ACTIVITY | Images are to be left out when the records below are printed word for word.

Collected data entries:
::::

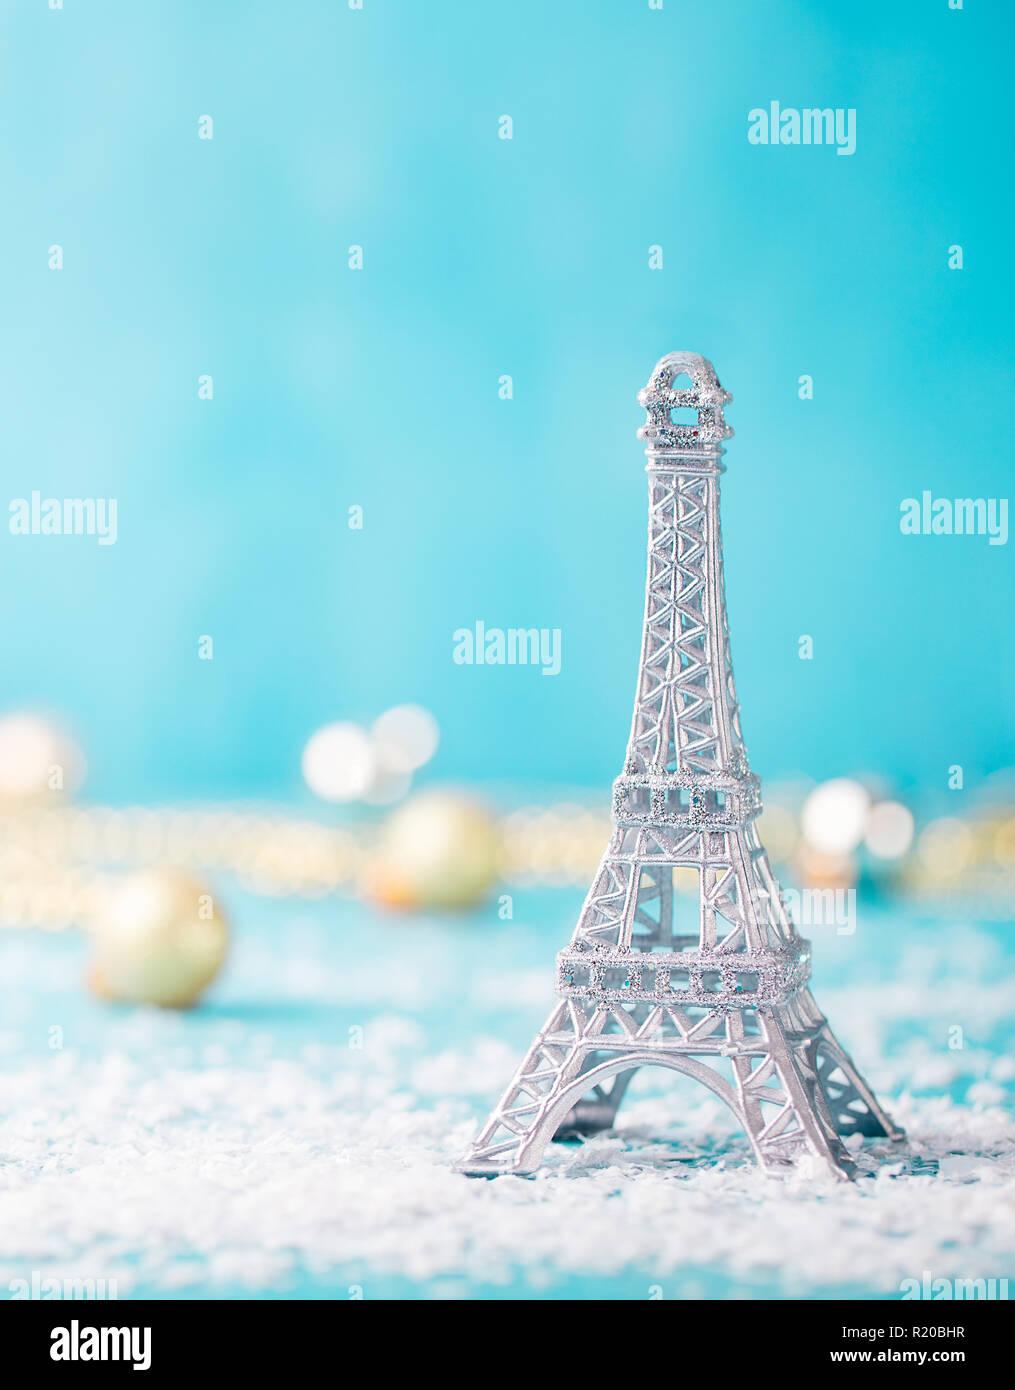 Navidad, Año Nuevo fondo azul con nieve y ornamento de la torre Eiffel. Copie el espacio. Foto de stock
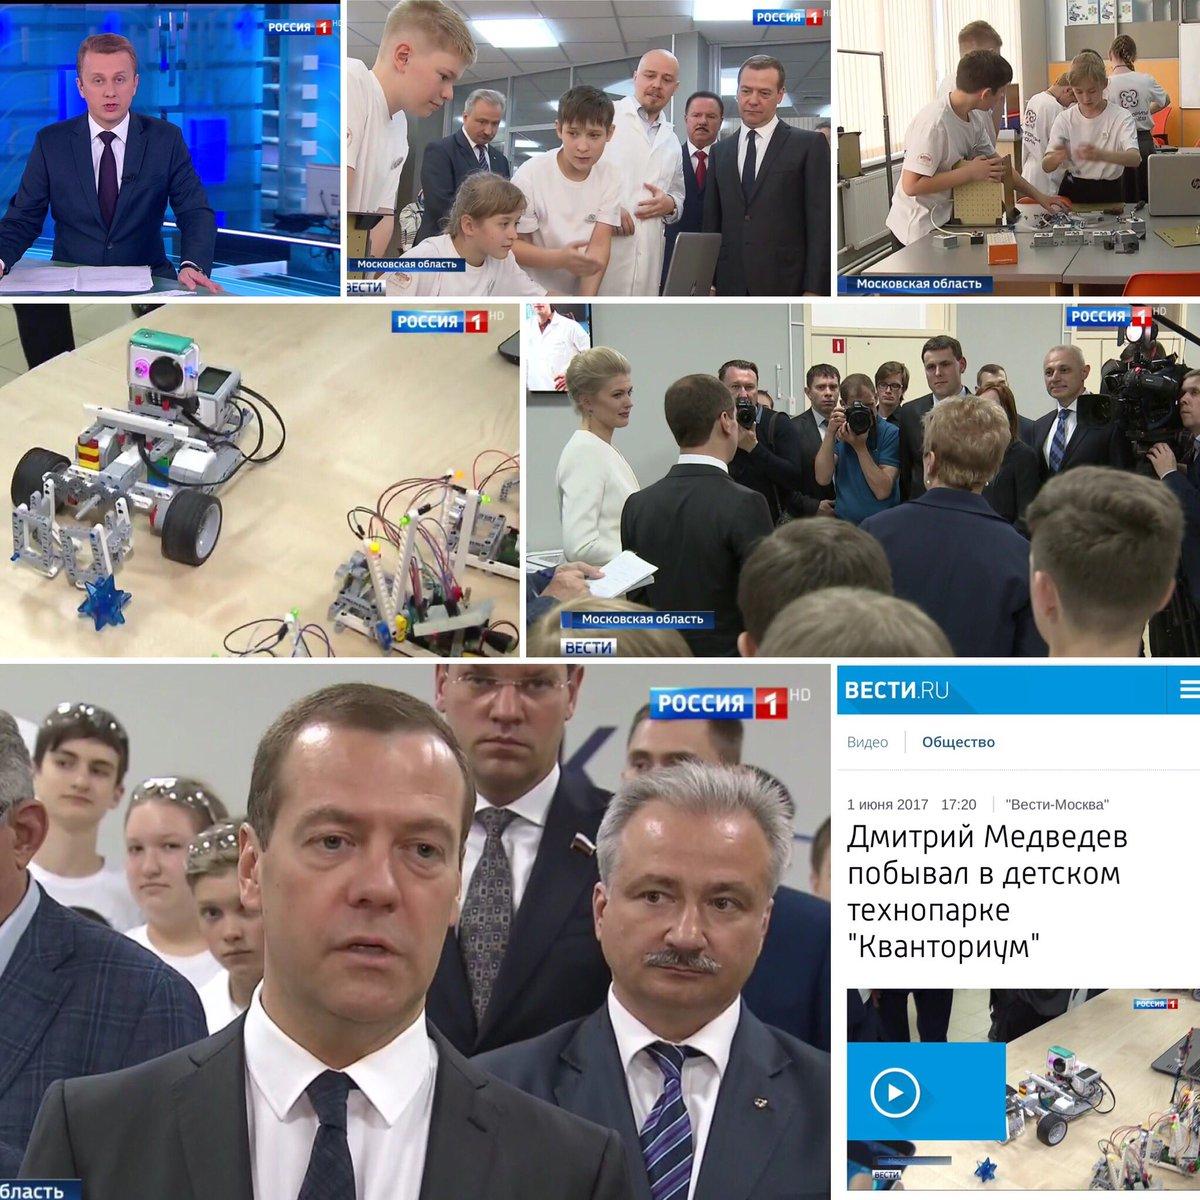 Тв россия 1 вести хакасия - 49f
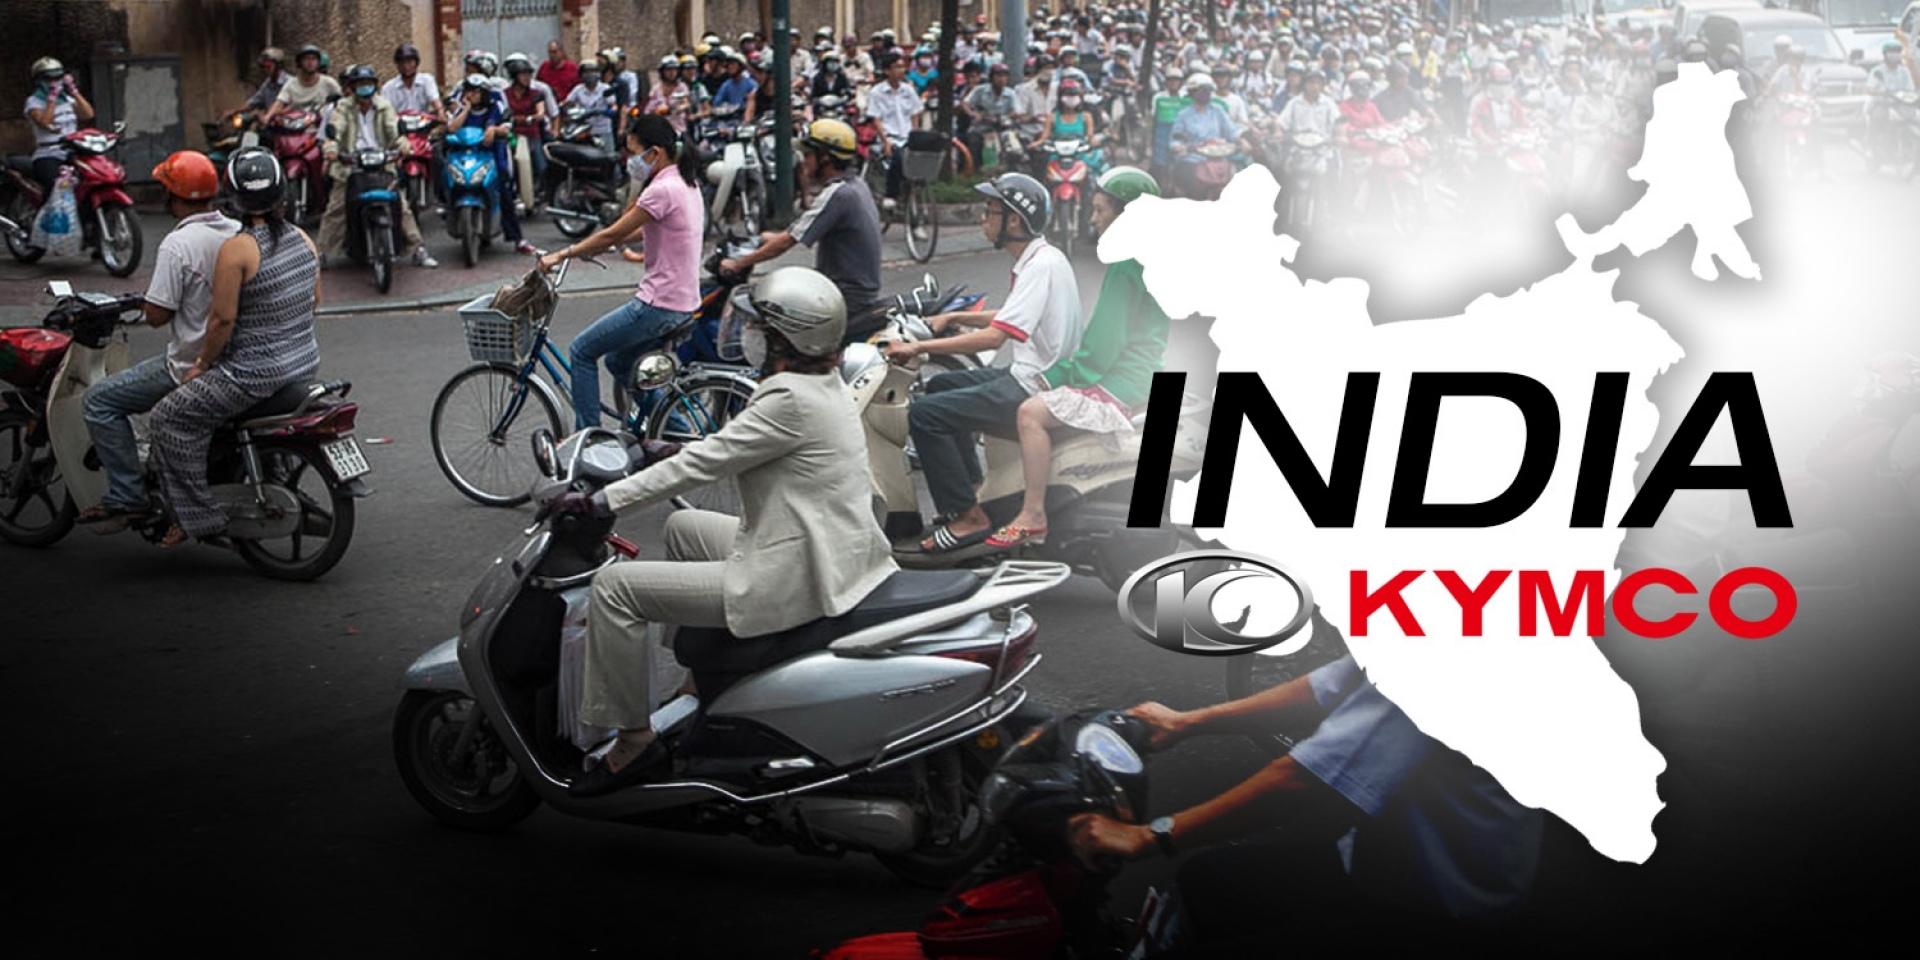 國際版圖再擴展。KYMCO將在2021進軍印度13億市場
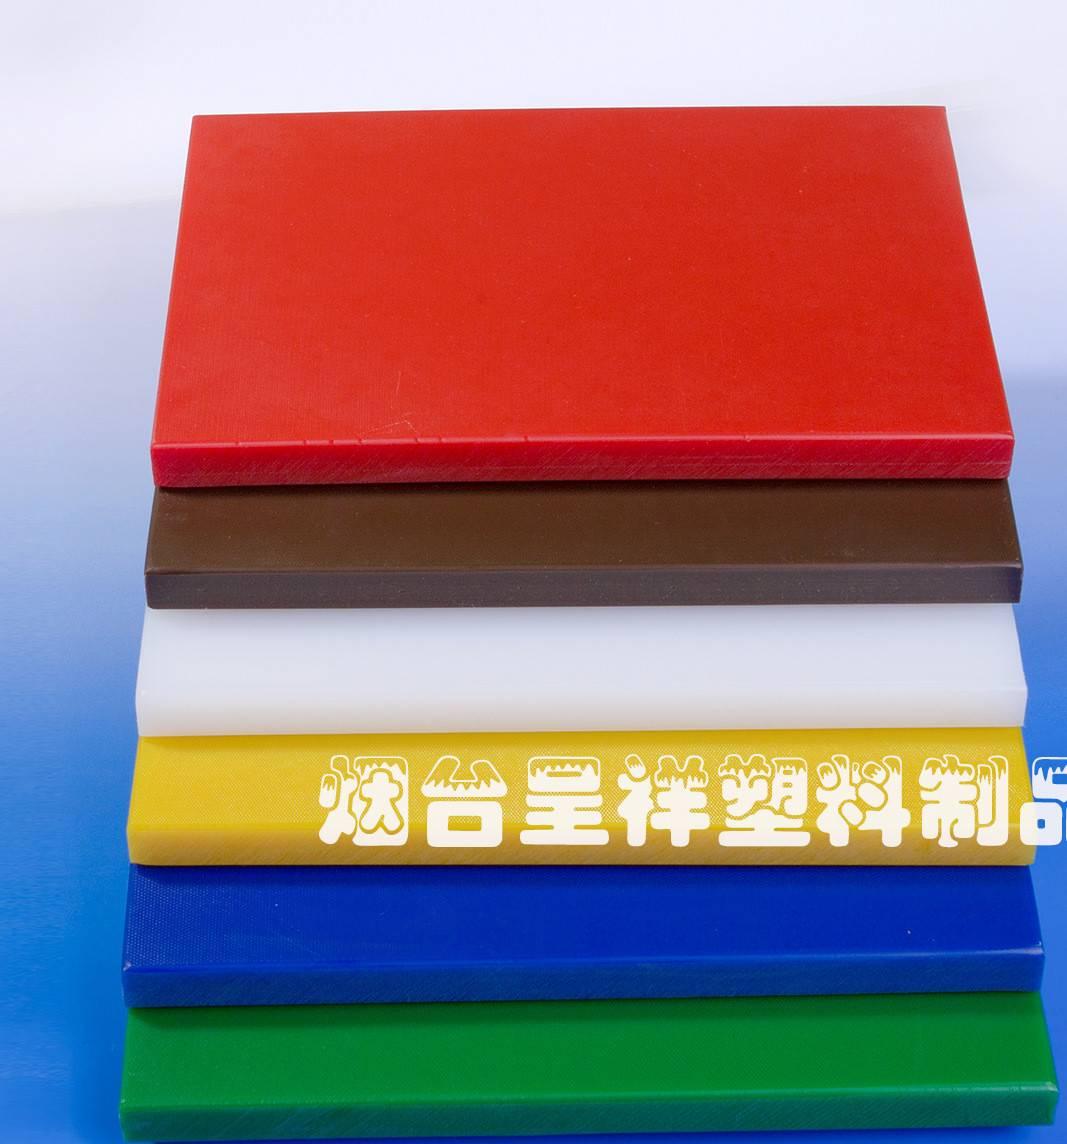 厂家直供 塑料砧板、切果板、切菜板、方便清洗防腐安全无毒
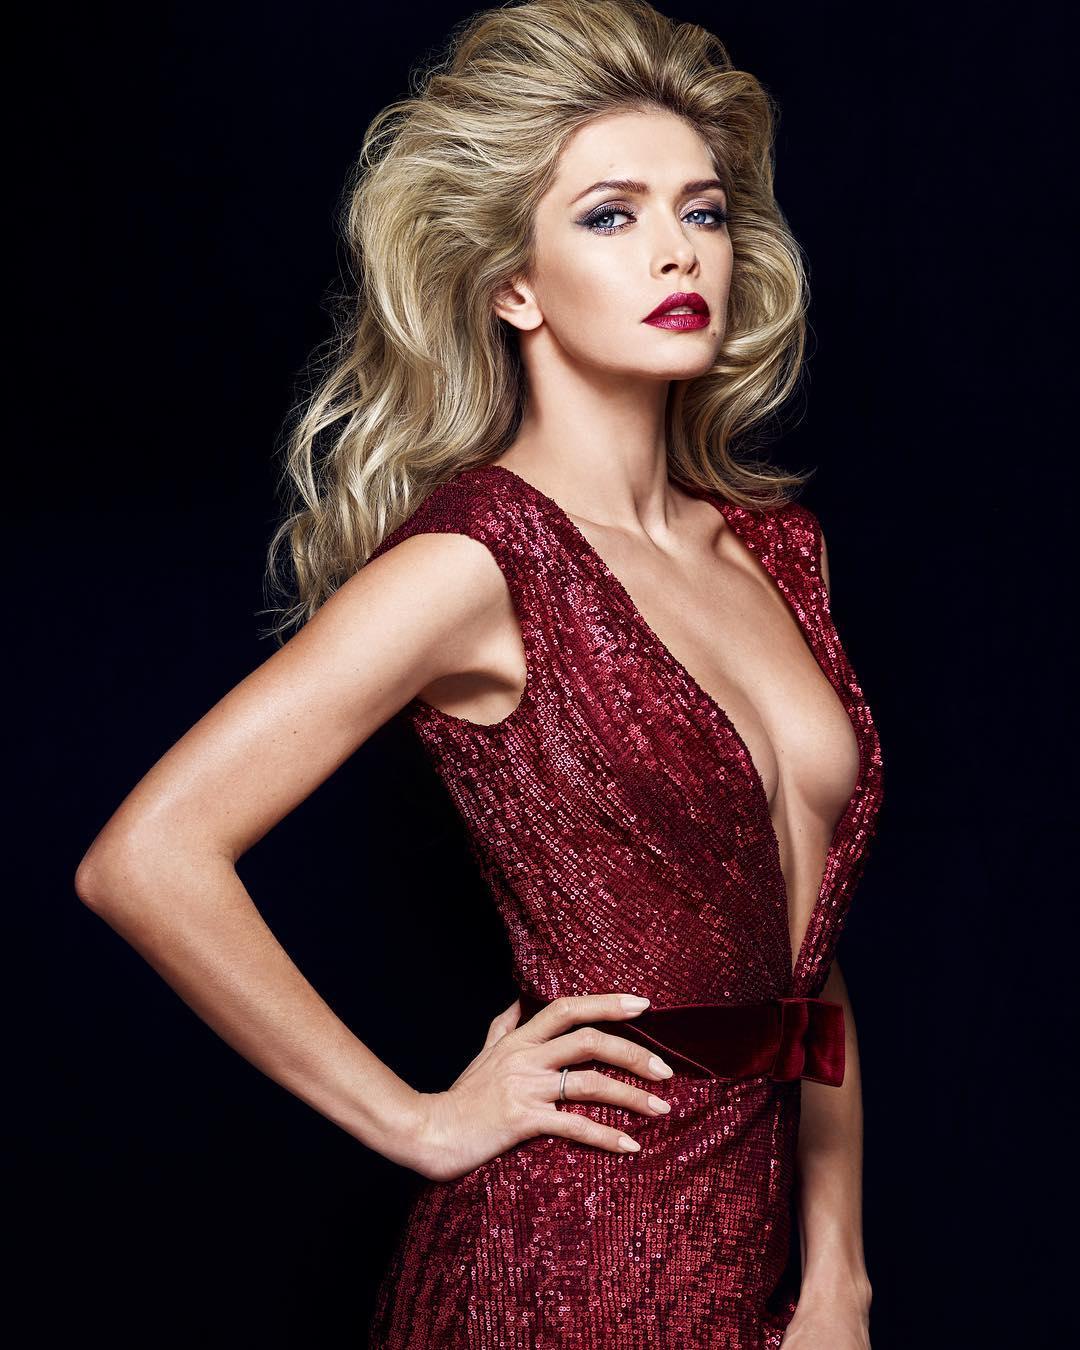 Певица предстала в красном платье с ошеломительным вырезом

::::

SOLUTION TO THE PROBLEM |
 Navidad, Año Nuevo fondo azul con nieve y ornamento de la torre Eiffel. Copie el espacio. Foto de stock
 Тв россия 1 вести хакасия - 49f
 國際版圖再擴展。KYMCO將在2021進軍印度13億市場
 厂家直供 塑料砧板、切果板、切菜板、方便清洗防腐安全无毒
 Певица предстала в красном платье с ошеломительным вырезом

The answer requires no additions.